A promotora de Justiça, Drª Michelle de Miranda Rezende Villela destacou que os entraves também envolvem questões urbanísticas e compensações que precisam ser executadas pelo município, como obras de infraestrutura. “A formalização de cronogramas por parte da Prefeitura é essencial para garantir o avanço da regularização”, afirmou.

Segundo a promotora de Justiça outro ponto sensível diz respeito às mudanças normativas, como a exigência de novos elementos técnicos, a exemplo das plantas de sobreposição, que impactaram análises anteriores e demandaram revisões. “À medida que os levantamentos avançam, novas informações são identificadas, incluindo sobreposições e registros particulares não detectados inicialmente, o que gera retrabalho e devolutivas no processo”, completou.

Força-tarefa e padronização como solução - Como encaminhamento, foi sugerida a realização de uma força-tarefa entre cartórios e poder público para verificar previamente sobreposições de matrículas e sanar pendências de forma definitiva.
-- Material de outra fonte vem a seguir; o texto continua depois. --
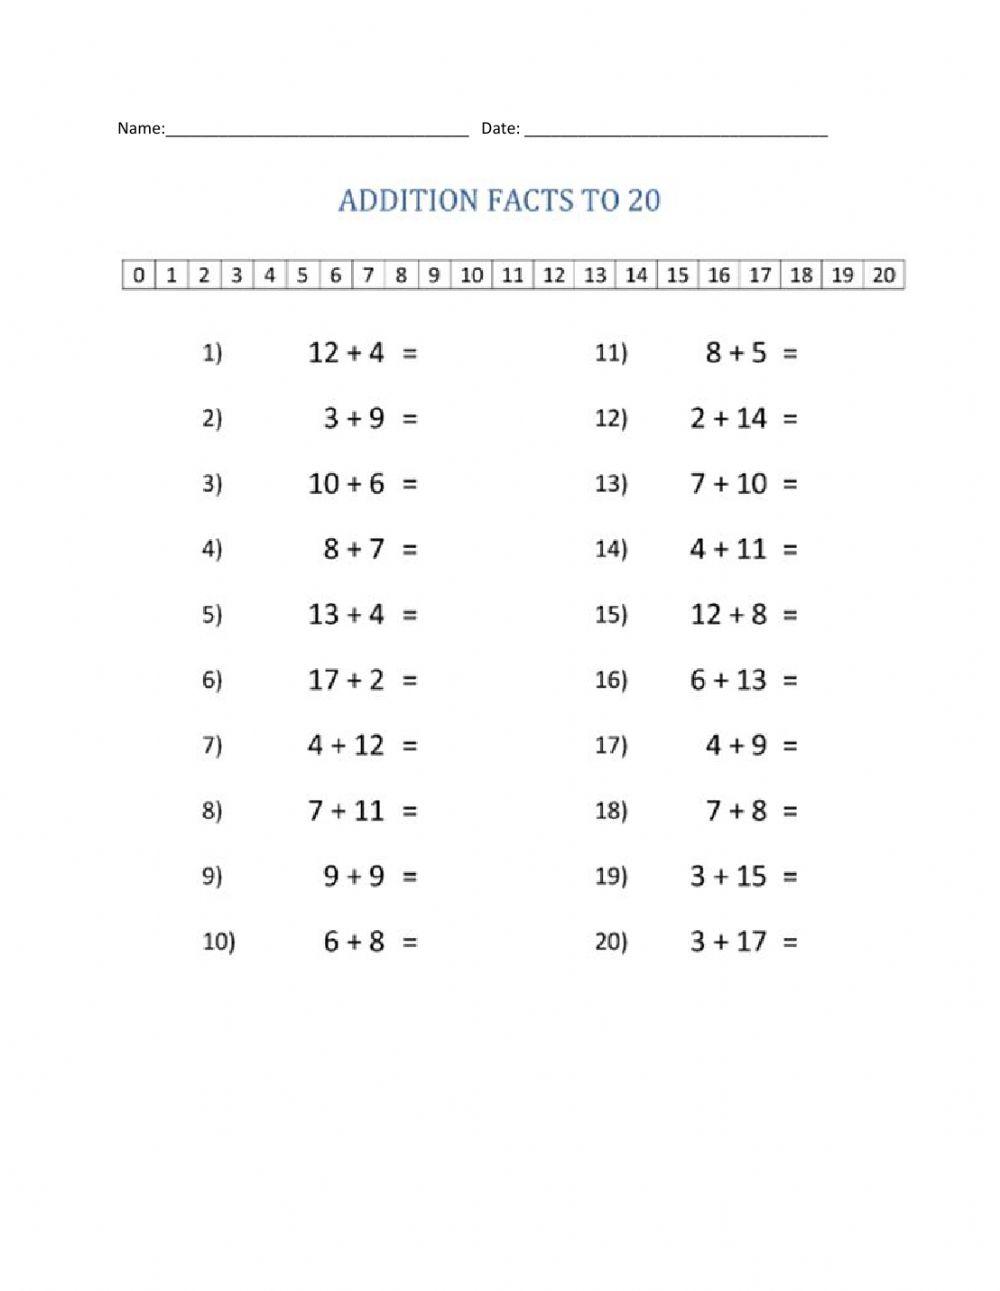 Addition fact to 20 group2

A proposta inclui a notificação de possíveis proprietários, garantindo direito à manifestação e maior segurança jurídica.

 A padronização documental também foi destacada como fundamental para reduzir inconsistências. Pequenas divergências, como variações na nomenclatura de um mesmo núcleo, podem gerar atrasos devido à análise criteriosa dos cartórios.

 Expectativa de avanço - Apesar dos desafios, a avaliação dos participantes é de que o alinhamento institucional e os ajustes técnicos definidos durante a reunião devem destravar etapas importantes da REURB em Várzea Grande.

 A estratégia adotada prevê priorizar imóveis sem pendências e avançar gradualmente nas áreas com maior complexidade, garantindo legalidade e segurança ao processo. Com isso, a expectativa é de acelerar a entrega de títulos definitivos à população, consolidando a regularização fundiária como instrumento de cidadania e desenvolvimento urbano no município.

 Também participaram da reunião o diretor de Regularização Fundiária Urbana do Intermat, Erivelto Vieira Nunes, o assessor de regularização fundiária da Assembleia Legislativa, Euclides Santos, e representantes do Cartório do 1º Ofício de Várzea Grande.